From a Slate article on 2005's most notable cultural happenings, author Sarah Shulman writes this about her choice, Brokeback Mountain:
"The two fundamental dynamics of homosexual life—heterosexual cruelty and gay resistence—have had a hard time making it to the screen. Without them, gay representation has mostly been built around a number of distortions: 1) The noble queer who rises unscathed to redemptive human triumph, thereby proving that homophobia isn't really so bad. 2) The pathological, self-hating gay man who is that way inherently, not as a consequence of someone else's cruelty, and 3) The self-oppressed alone homosexual who needs a heroic straight person to rescue him.
Brokeback opened the door to a far more complex look at how homophobia destroys people's lives, the consequences of cruelty on gay people's emotional stability, and how familial homophobia is the place where much of this is enforced. Where the movie fell short was in the acknowledgement of gay subculture and rebellion. It seems unlikely to me that Jack Twist would have missed the existence of the gay revolution. All he had to do was turn on the television or go to church to hear about Anita Bryant and Gay Liberation in Dade County, or stumble onto the Gay Rodeo circuit, or go to a dentist's office to see Leonard Matlovich on the cover of Time magazine."
I'd never heard of Leonard Matlovich, being somewhat shamefully ignorant of a lot of gay history, so I looked him up. He was a Air Force hero in Vietnam, was awarded the Purple heart and the Bronze Star, and was the first, way back in 1975, to challenge the military's ban on homosexuals.

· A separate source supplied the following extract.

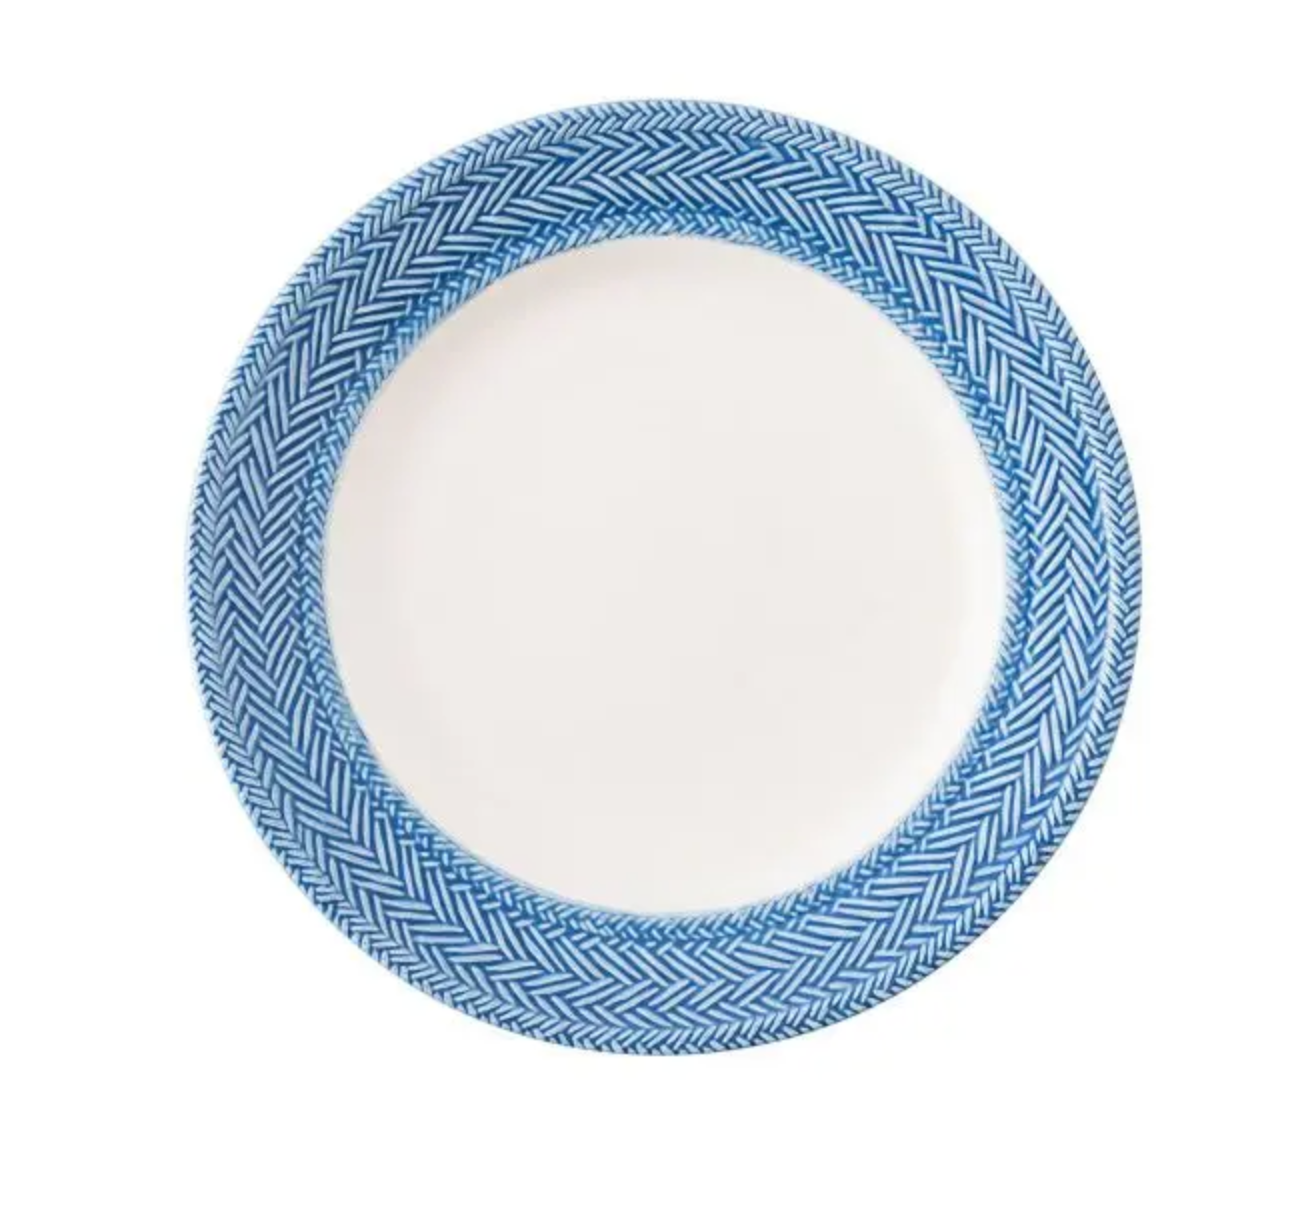 JULISKA Le Panier Delft Blue Dessert/Salad Plate-Set/4

He was told by a fellow officer that "You can't have a Purple Heart and a Bronze Star and suck cock." Charming.
Anyway, Leonard was discharged from the military, fought the findings, and became the first openly gay man to be on the cover of Time. He won his case in a lower court but in the end he took a monetary settlement instead of fighting the appeal to the Supreme Court, unconvinced he could win with the conservative court. He died of AIDS in 1988, and his tombstone reads "When I was in the military they gave me a medal for killing two men, and a discharge for loving one."
Here endeth your daily history lesson.